Directions for this task:
Can you restate the lines of the entries below, word for word, from the first one through the line that includes "トリガーポイントとは【肩こり・腰痛の真 ..."?

──────── Data to use ────────

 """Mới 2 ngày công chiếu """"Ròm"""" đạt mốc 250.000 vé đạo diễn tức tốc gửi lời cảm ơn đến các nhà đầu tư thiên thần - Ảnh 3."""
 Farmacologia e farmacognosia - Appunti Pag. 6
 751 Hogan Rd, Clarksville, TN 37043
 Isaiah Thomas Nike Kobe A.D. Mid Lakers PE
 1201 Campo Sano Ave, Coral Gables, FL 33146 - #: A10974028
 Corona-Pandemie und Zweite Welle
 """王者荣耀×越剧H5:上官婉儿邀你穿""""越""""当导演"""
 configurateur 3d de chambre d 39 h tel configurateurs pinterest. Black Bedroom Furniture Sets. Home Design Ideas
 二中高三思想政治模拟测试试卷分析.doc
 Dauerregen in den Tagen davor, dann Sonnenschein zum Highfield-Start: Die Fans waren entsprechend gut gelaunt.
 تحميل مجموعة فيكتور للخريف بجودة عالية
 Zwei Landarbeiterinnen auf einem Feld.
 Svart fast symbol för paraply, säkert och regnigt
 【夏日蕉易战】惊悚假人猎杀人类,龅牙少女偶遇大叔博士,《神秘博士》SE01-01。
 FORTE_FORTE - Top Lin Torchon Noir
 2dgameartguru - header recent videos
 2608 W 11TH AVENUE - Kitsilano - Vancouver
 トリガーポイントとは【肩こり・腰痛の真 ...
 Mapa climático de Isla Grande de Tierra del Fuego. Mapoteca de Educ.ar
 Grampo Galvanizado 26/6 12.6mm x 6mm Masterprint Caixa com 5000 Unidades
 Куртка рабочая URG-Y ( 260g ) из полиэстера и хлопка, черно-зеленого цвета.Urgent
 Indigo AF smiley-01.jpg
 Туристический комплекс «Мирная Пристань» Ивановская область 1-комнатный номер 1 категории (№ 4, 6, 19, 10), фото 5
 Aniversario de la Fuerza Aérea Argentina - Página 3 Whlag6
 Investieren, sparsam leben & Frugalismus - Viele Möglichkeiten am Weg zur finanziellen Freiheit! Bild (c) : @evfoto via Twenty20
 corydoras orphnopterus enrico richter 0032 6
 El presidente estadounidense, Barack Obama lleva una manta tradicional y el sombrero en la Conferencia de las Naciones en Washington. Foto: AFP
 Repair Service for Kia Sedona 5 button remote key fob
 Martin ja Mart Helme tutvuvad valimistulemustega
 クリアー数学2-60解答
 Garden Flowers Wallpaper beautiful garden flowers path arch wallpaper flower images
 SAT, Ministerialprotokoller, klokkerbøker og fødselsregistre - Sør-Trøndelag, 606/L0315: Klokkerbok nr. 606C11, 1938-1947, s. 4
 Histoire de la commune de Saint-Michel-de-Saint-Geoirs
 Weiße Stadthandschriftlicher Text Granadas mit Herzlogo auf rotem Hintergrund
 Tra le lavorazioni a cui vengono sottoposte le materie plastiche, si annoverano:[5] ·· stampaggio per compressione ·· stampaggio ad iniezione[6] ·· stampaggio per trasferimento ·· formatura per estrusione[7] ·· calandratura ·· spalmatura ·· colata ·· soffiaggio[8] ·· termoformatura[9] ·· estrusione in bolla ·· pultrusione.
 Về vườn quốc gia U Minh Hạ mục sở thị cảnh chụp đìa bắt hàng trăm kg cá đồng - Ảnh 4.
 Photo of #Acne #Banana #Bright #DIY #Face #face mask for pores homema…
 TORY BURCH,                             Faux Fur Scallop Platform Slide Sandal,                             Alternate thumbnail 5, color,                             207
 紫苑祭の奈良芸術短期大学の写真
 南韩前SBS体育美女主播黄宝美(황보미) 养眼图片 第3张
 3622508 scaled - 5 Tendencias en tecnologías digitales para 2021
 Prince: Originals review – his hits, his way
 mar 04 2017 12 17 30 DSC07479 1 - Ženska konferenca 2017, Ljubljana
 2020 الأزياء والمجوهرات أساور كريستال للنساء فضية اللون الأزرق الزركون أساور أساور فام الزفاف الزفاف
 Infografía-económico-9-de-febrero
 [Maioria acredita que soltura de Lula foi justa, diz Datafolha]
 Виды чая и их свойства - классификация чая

────────

Response to the exercise:
 """Mới 2 ngày công chiếu """"Ròm"""" đạt mốc 250.000 vé đạo diễn tức tốc gửi lời cảm ơn đến các nhà đầu tư thiên thần - Ảnh 3."""
 Farmacologia e farmacognosia - Appunti Pag. 6
 751 Hogan Rd, Clarksville, TN 37043
 Isaiah Thomas Nike Kobe A.D. Mid Lakers PE
 1201 Campo Sano Ave, Coral Gables, FL 33146 - #: A10974028
 Corona-Pandemie und Zweite Welle
 """王者荣耀×越剧H5:上官婉儿邀你穿""""越""""当导演"""
 configurateur 3d de chambre d 39 h tel configurateurs pinterest. Black Bedroom Furniture Sets. Home Design Ideas
 二中高三思想政治模拟测试试卷分析.doc
 Dauerregen in den Tagen davor, dann Sonnenschein zum Highfield-Start: Die Fans waren entsprechend gut gelaunt.
 تحميل مجموعة فيكتور للخريف بجودة عالية
 Zwei Landarbeiterinnen auf einem Feld.
 Svart fast symbol för paraply, säkert och regnigt
 【夏日蕉易战】惊悚假人猎杀人类,龅牙少女偶遇大叔博士,《神秘博士》SE01-01。
 FORTE_FORTE - Top Lin Torchon Noir
 2dgameartguru - header recent videos
 2608 W 11TH AVENUE - Kitsilano - Vancouver
 トリガーポイントとは【肩こり・腰痛の真 ...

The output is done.